3A^{2}-\frac{1}{3}A=0

Subtract \frac{1}{3}A from both sides.

A\left(3A-\frac{1}{3}\right)=0

Factor out A.

A=0 A=\frac{1}{9}

To find equation solutions, solve A=0 and 3A-\frac{1}{3}=0.

3A^{2}-\frac{1}{3}A=0

Subtract \frac{1}{3}A from both sides.

A=\frac{-\left(-\frac{1}{3}\right)±\sqrt{\left(-\frac{1}{3}\right)^{2}}}{2\times 3}

This equation is in standard form: ax^{2}+bx+c=0. Substitute 3 for a, -\frac{1}{3} for b, and 0 for c in the quadratic formula, \frac{-b±\sqrt{b^{2}-4ac}}{2a}.

A=\frac{-\left(-\frac{1}{3}\right)±\frac{1}{3}}{2\times 3}

Take the square root of \left(-\frac{1}{3}\right)^{2}.

A=\frac{\frac{1}{3}±\frac{1}{3}}{2\times 3}

The opposite of -\frac{1}{3} is \frac{1}{3}.

A=\frac{\frac{1}{3}±\frac{1}{3}}{6}

Multiply 2 times 3.

A=\frac{\frac{2}{3}}{6}

Now solve the equation A=\frac{\frac{1}{3}±\frac{1}{3}}{6} when ± is plus. Add \frac{1}{3} to \frac{1}{3} by finding a common denominator and adding the numerators. Then reduce the fraction to lowest terms if possible.

A=\frac{1}{9}

Divide \frac{2}{3} by 6.

A=\frac{0}{6}

Now solve the equation A=\frac{\frac{1}{3}±\frac{1}{3}}{6} when ± is minus. Subtract \frac{1}{3} from \frac{1}{3} by finding a common denominator and subtracting the numerators. Then reduce the fraction to lowest terms if possible.

A=0

Divide 0 by 6.

A=\frac{1}{9} A=0

The equation is now solved.

3A^{2}-\frac{1}{3}A=0

Subtract \frac{1}{3}A from both sides.

\frac{3A^{2}-\frac{1}{3}A}{3}=\frac{0}{3}

Divide both sides by 3.

A^{2}+\left(-\frac{\frac{1}{3}}{3}\right)A=\frac{0}{3}

Dividing by 3 undoes the multiplication by 3.
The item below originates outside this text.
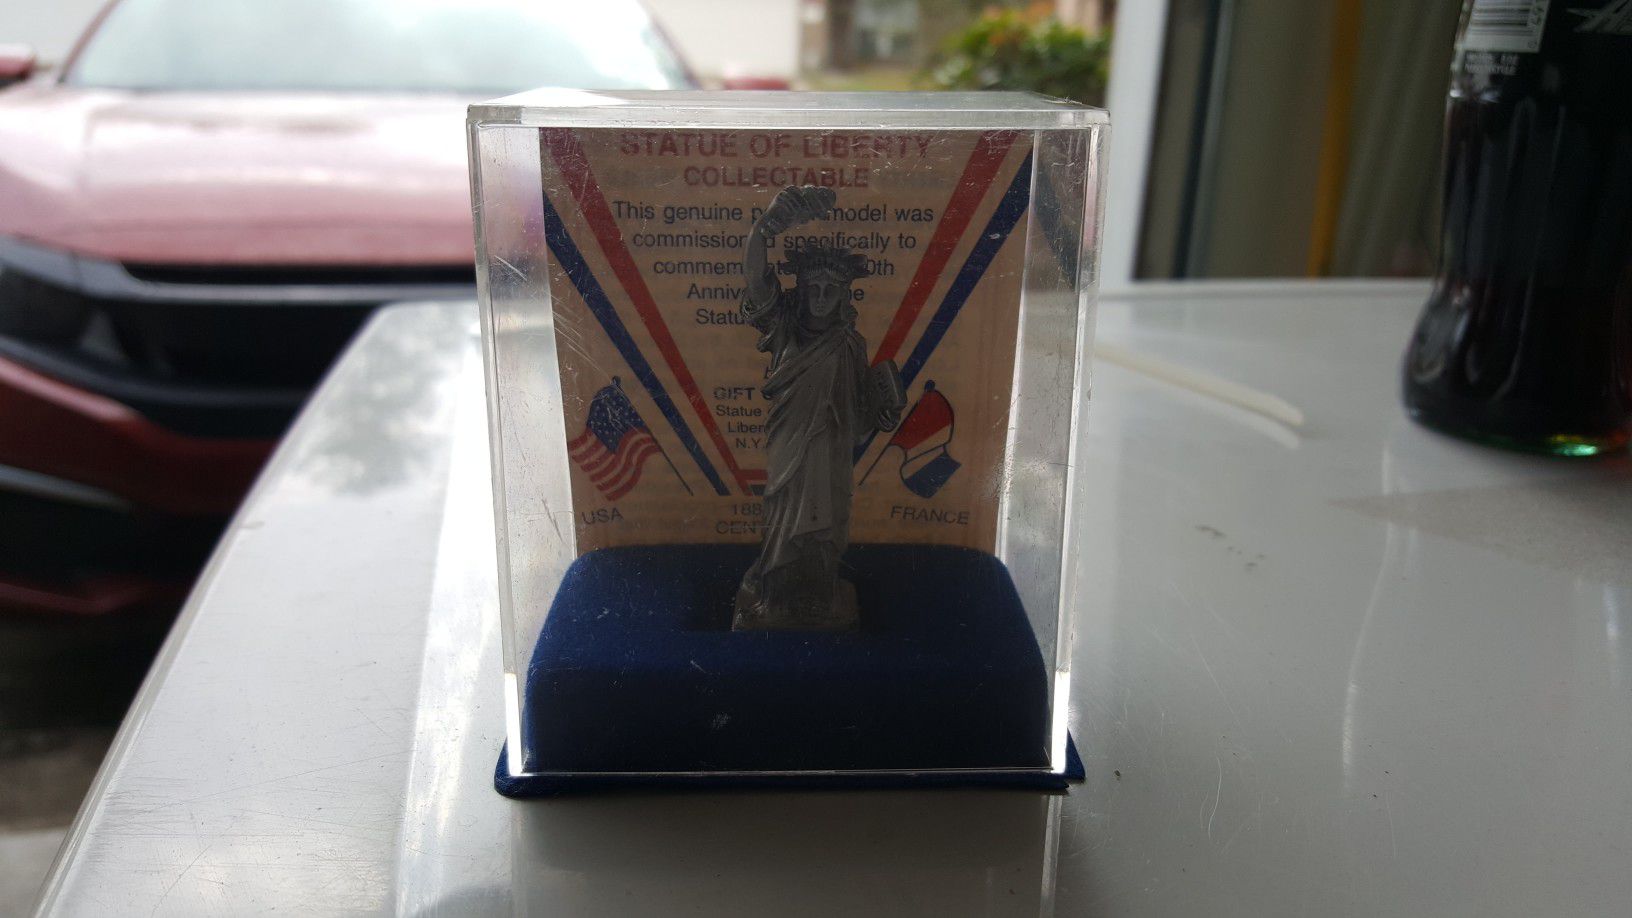 Statue of Liberty Centennial Pewter Figurine Collectible 1886-1986 (3 Inch)

A^{2}-\frac{1}{9}A=\frac{0}{3}

Divide -\frac{1}{3} by 3.

A^{2}-\frac{1}{9}A=0

Divide 0 by 3.

A^{2}-\frac{1}{9}A+\left(-\frac{1}{18}\right)^{2}=\left(-\frac{1}{18}\right)^{2}

Divide -\frac{1}{9}, the coefficient of the x term, by 2 to get -\frac{1}{18}. Then add the square of -\frac{1}{18} to both sides of the equation. This step makes the left hand side of the equation a perfect square.

A^{2}-\frac{1}{9}A+\frac{1}{324}=\frac{1}{324}

Square -\frac{1}{18} by squaring both the numerator and the denominator of the fraction.

\left(A-\frac{1}{18}\right)^{2}=\frac{1}{324}

Factor A^{2}-\frac{1}{9}A+\frac{1}{324}. In general, when x^{2}+bx+c is a perfect square, it can always be factored as \left(x+\frac{b}{2}\right)^{2}.

\sqrt{\left(A-\frac{1}{18}\right)^{2}}=\sqrt{\frac{1}{324}}

Take the square root of both sides of the equation.

A-\frac{1}{18}=\frac{1}{18} A-\frac{1}{18}=-\frac{1}{18}

Simplify.

A=\frac{1}{9} A=0

Add \frac{1}{18} to both sides of the equation.